Our argument is that this is partly because we now have a muddled twin-track system of schooling, where there are local authority-maintained schools of the older style with this new academies system. It has really been only this year—the first time was last year, and now this year—that we have seen the accounts, so that we can properly assess how this system is working alongside the other. We know, for example, that it takes a certain amount of money to convert schools into academies. In fact, in 2017-18 the Department for Education spent £59 million on conversion and re-brokering, but what about the extra costs to local authorities in doing that? What about the hollowing out of local authorities’ ability to support maintained schools? That was an area that the Public Accounts Committee was concerned about. It is an example of cost-shunting by removing an aspect of the system in one part of schools. As far as kids are concerned, they do not care whether they are in academies, free schools or maintained schools.

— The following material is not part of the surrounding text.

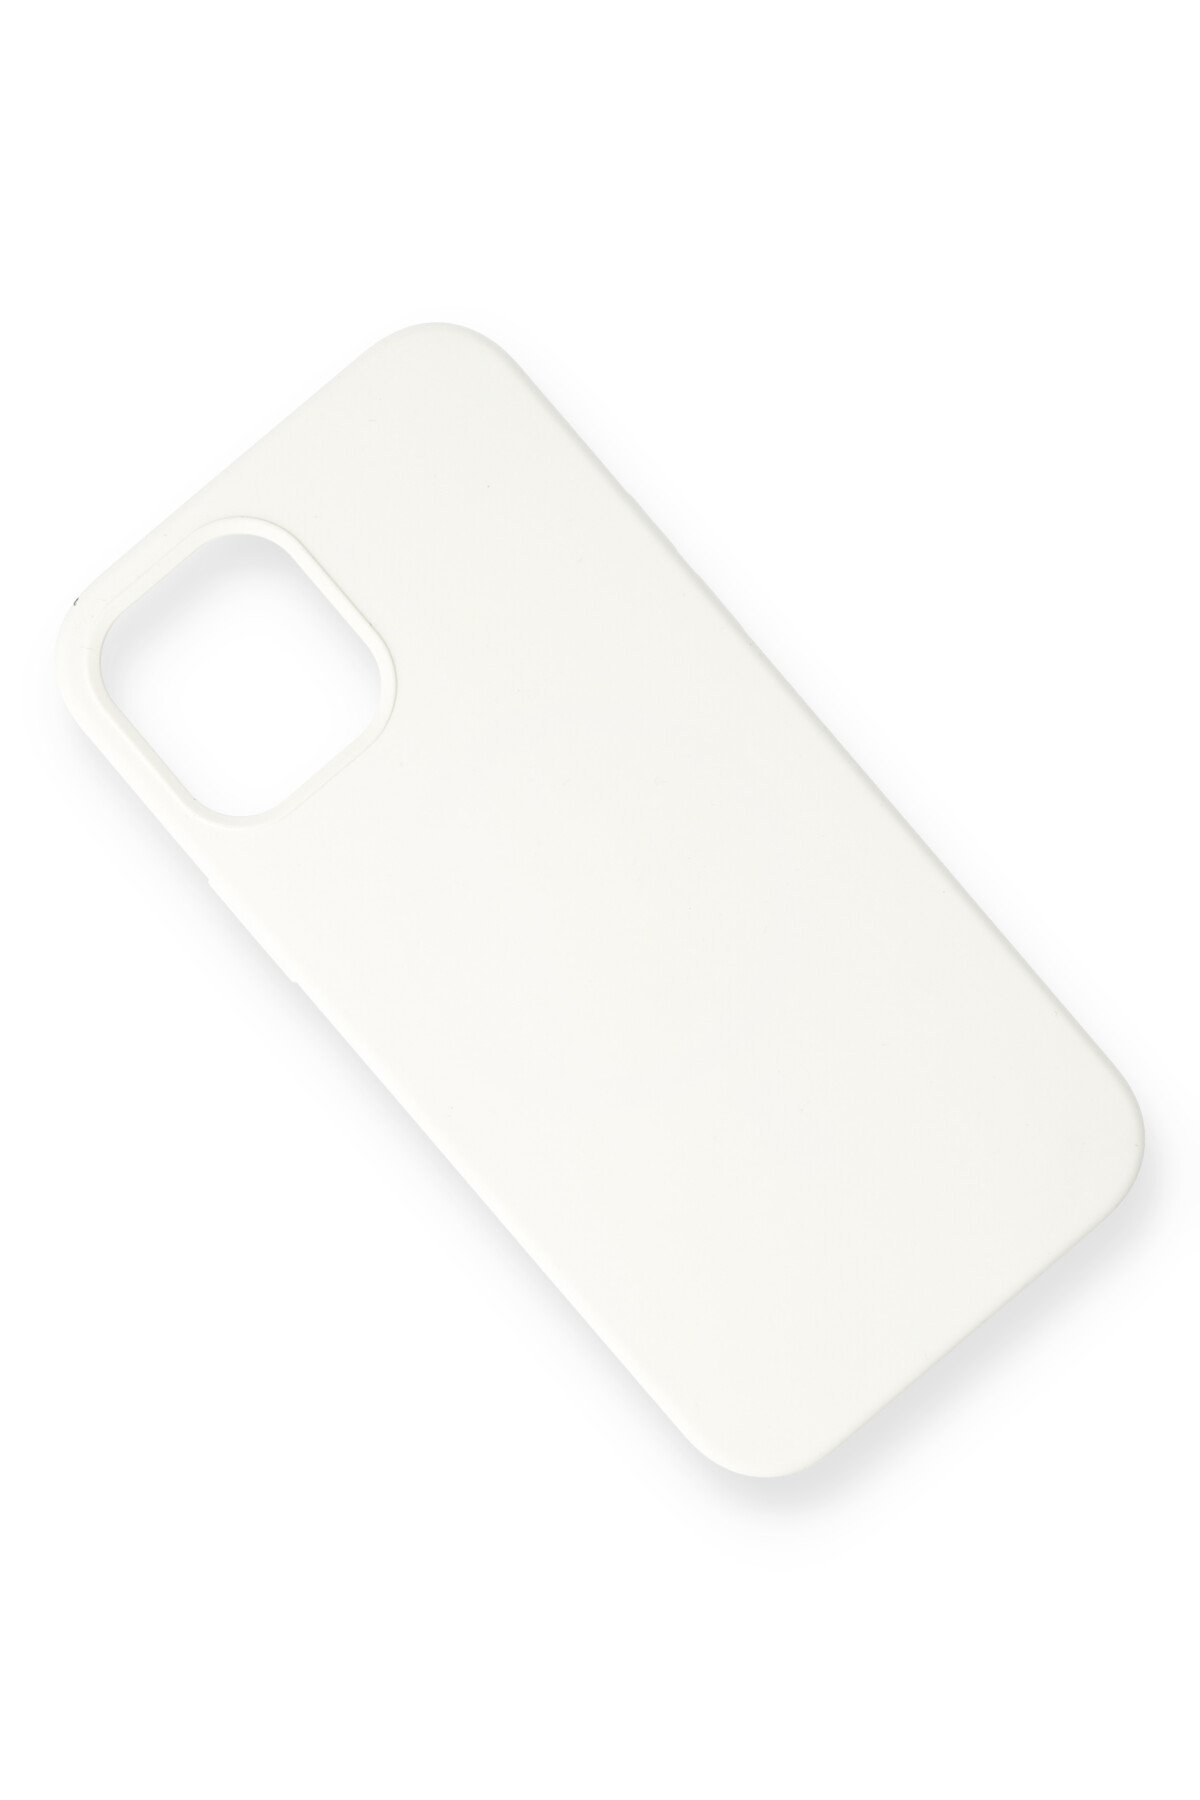 Newface iPhone 12 Mini Kılıf Focus Derili Silikon - Lacivert

In my constituency, schools are now almost completely responsible for funding support services. Currently, local schools are covering a shortfall of £2.3 million for higher needs schools. Does my hon. Friend agree that this represents a total failure of the Government to invest in the future of our children?
Indeed, we have heard about the higher needs block; that is yet another area where there is cost-shunting.
On the twin-track system, what we need to do is look beyond: is one system better than the other? Actually, we have a lot to learn from the sorts of innovations that we are seeing in schools, but I am not convinced from the evidence we have seen in the Public Accounts Committee that we have a handle on the data. In our recommendations to the Department we have asked it to look at, for example, different types of multi-academy trusts—is there a difference between those that are locally based and those that are spread out or between the rural and the urban? Is there a north-south divide when it comes to academy trusts? What can we learn from the data? At the moment, when the accounts are produced, we do not have that data.
I very much echo what the right hon. Member for Harlow (Robert Halfon) was saying earlier. I firmly believe that this is not just a question of more money for schools. More money is welcome to get them working as they hope to now, but the issue is also about driving efficiency and spreading best practice. Without the data, how will we know what is working best?